# Toneboard choices



## ironman123 (Nov 22, 2015)

I also posted this on THO but wanted some WB input. Would any stabilized woold be OK for Duck call toneboard as far as remaining stable. I know the density of the wood is usually considered for sound quality.
I have stabilized elm, hackberry, cherry and others I want to use. Thanks


----------



## SENC (Nov 22, 2015)

IMO, yes. You may get a little different sound and need to tune a little differently as a result, but as long as it stabilized well it should be fine. I've used some very soft and punky and burly woods for toneboards thanks to stabilizing.


----------



## ironman123 (Nov 22, 2015)

Thanks Henry for your input.


----------



## Tclem (Nov 22, 2015)

Don't listen to him. What does he know. He hasn't posted a call in 10 years.

Reactions: Funny 2


----------



## ironman123 (Nov 22, 2015)

Well hello Tony. Glad you stopped by.


----------



## Tclem (Nov 22, 2015)

ironman123 said:


> Well hello Tony. Glad you stopped by.


Didn't want you to get any bad info


----------



## SENC (Nov 22, 2015)

Tclem said:


> Don't listen to him. What does he know.
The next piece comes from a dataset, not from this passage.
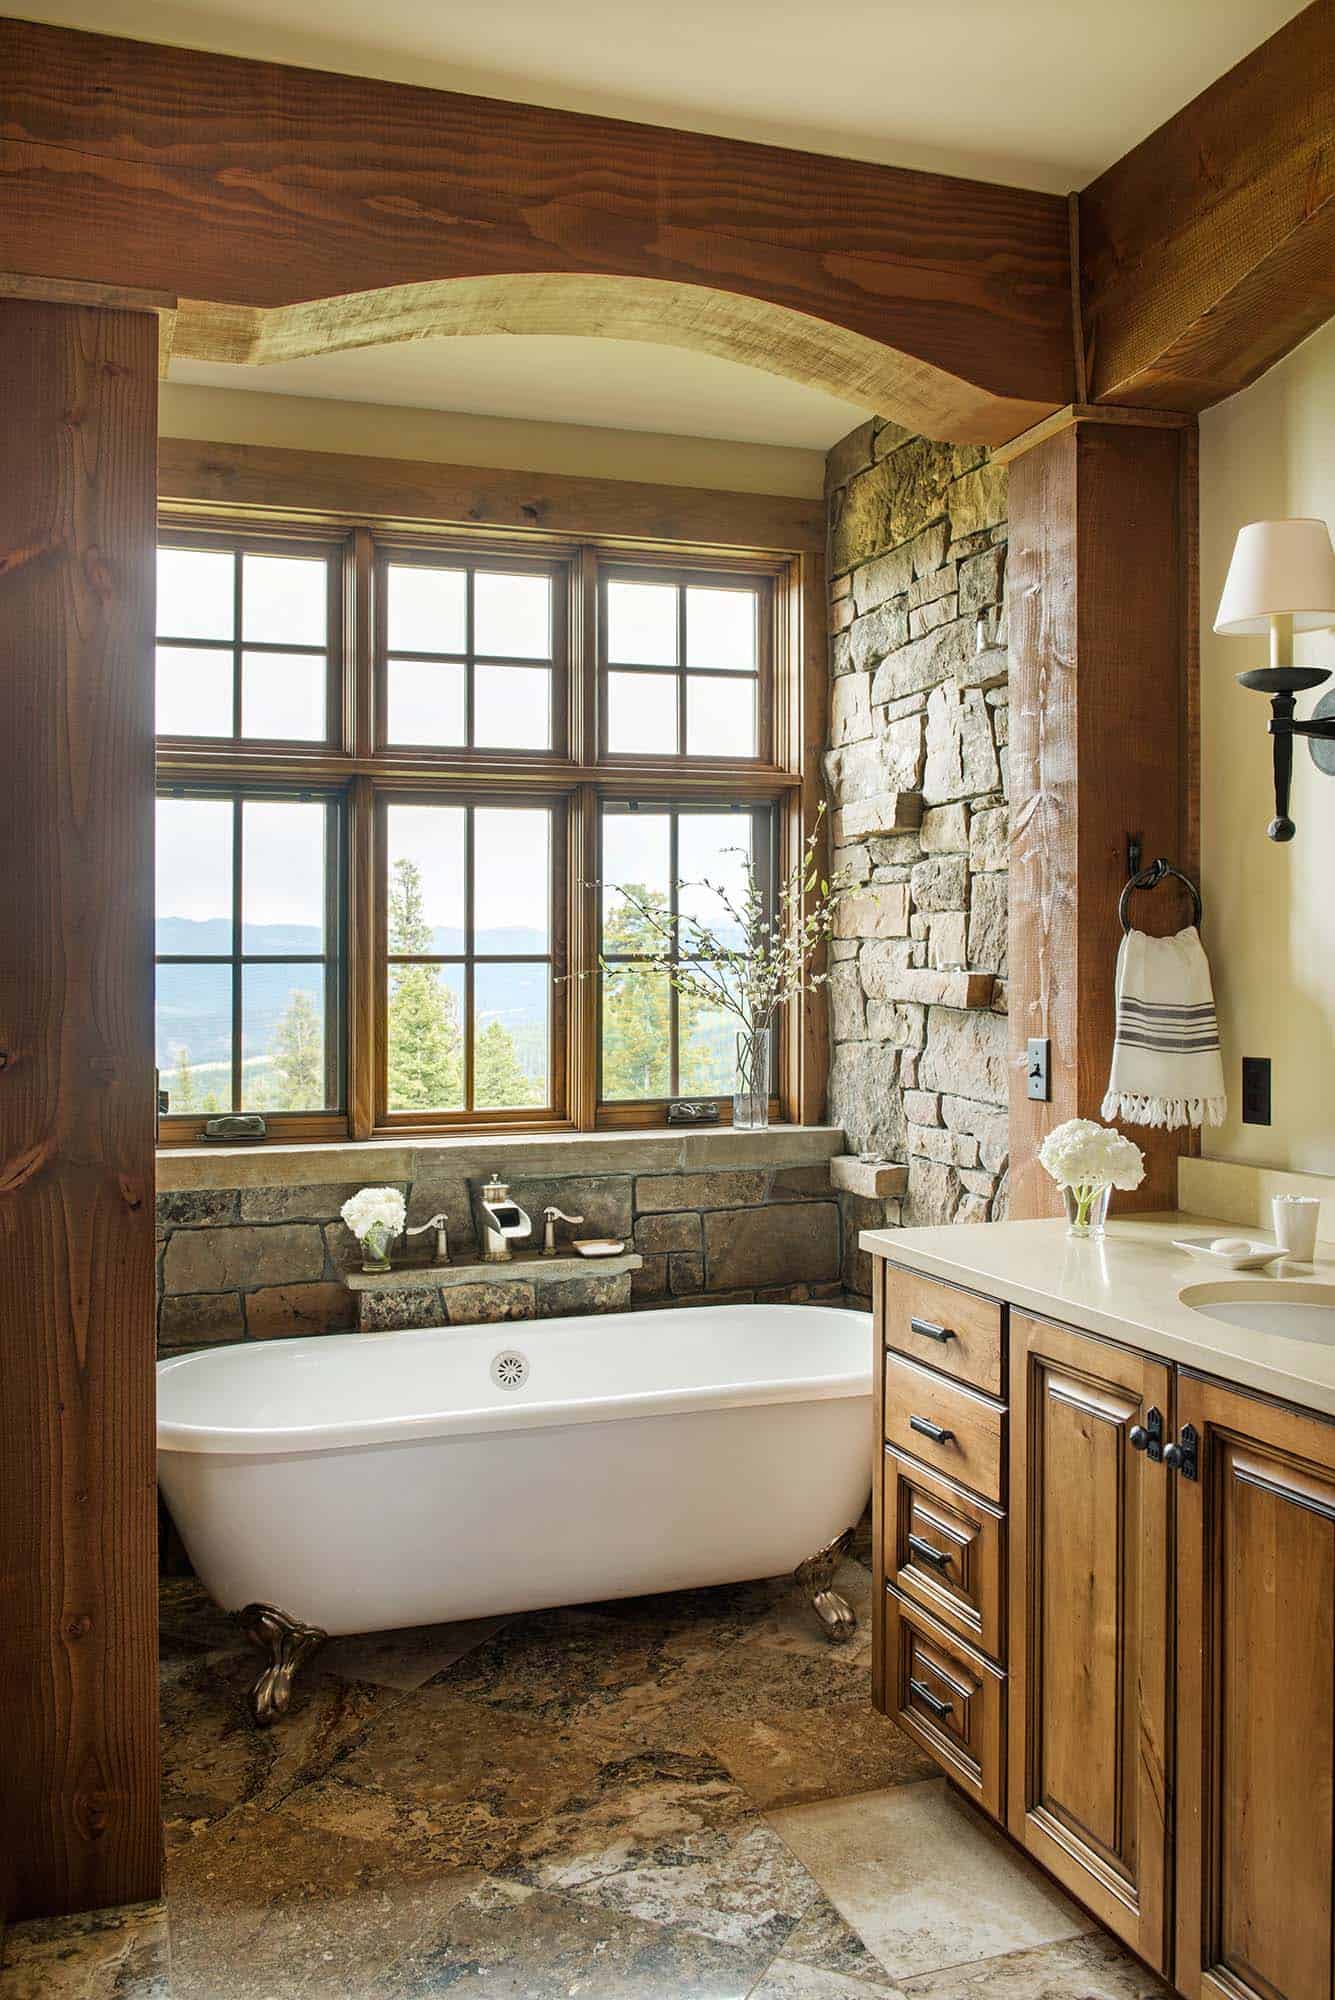 rustic bathroom with a vanity and freestanding tub in front of windows
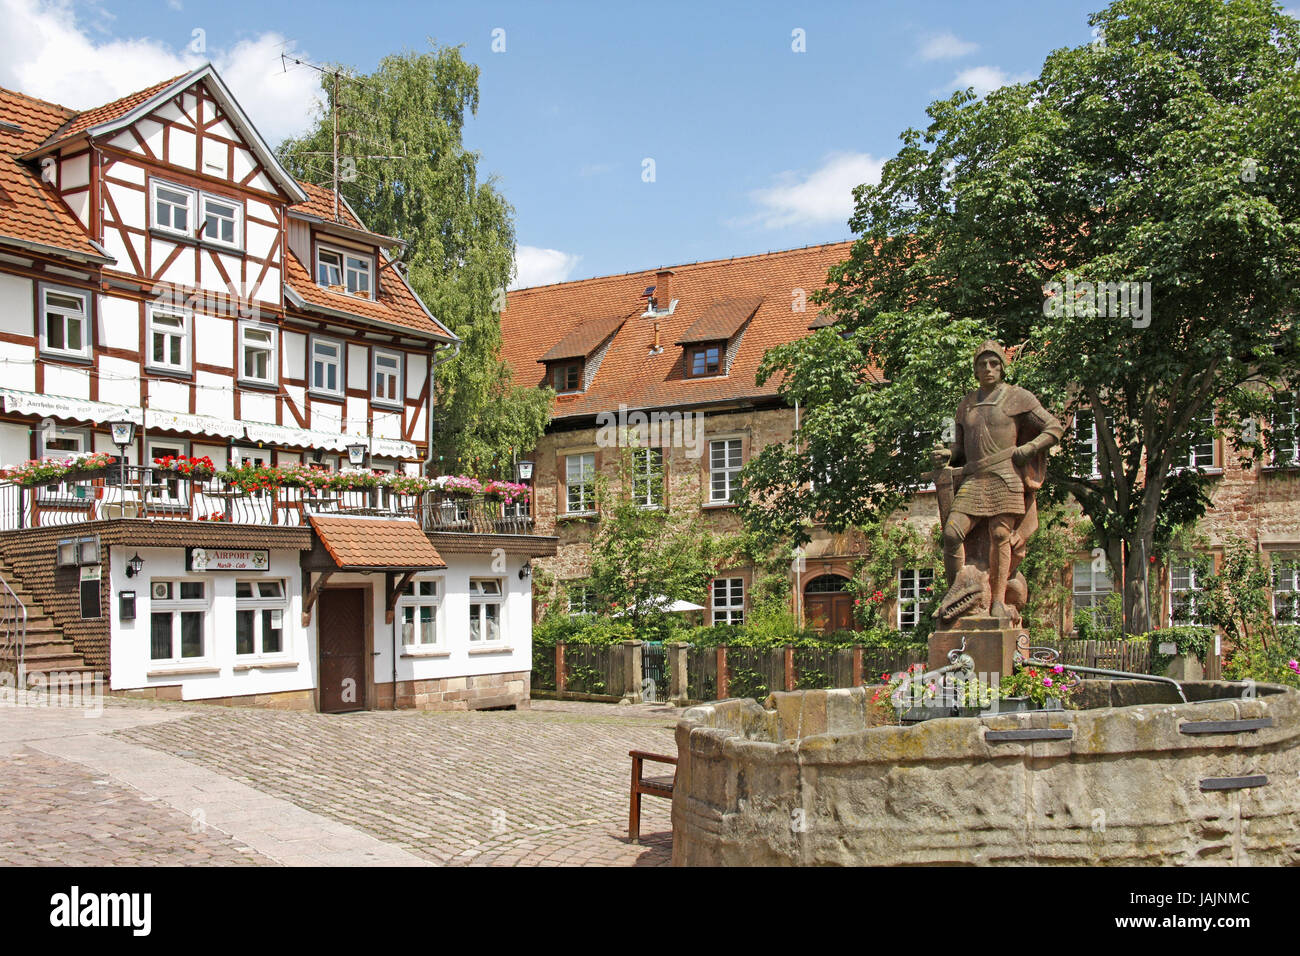 Germany,Hessen,slot,marketplace,well,St. Georg,Northern Hessen,well character,Old Town,half-timbered house,building,Old Town,market well,nobody, Stock Photo

He hasn't posted a call in 10 years.


Speaking of punky!

Reactions: Funny 3


----------



## Tclem (Nov 22, 2015)

SENC said:


> Speaking of punky!


Yeah to much resin to stabilize me

Reactions: Like 1 | Funny 1


----------



## SENC (Nov 23, 2015)

Tclem said:


> Yeah to much resin to stabilize me


So many places to go with this... but it is Thanksgiving and a time for being gracious.

Reactions: Funny 3


----------



## BrentWin (Nov 30, 2015)

Another alternative is to sleeve your toneboard. I use blackwood or hedge exclusively for my toneboards to keep the sound consistant, no matter what wood I use.


----------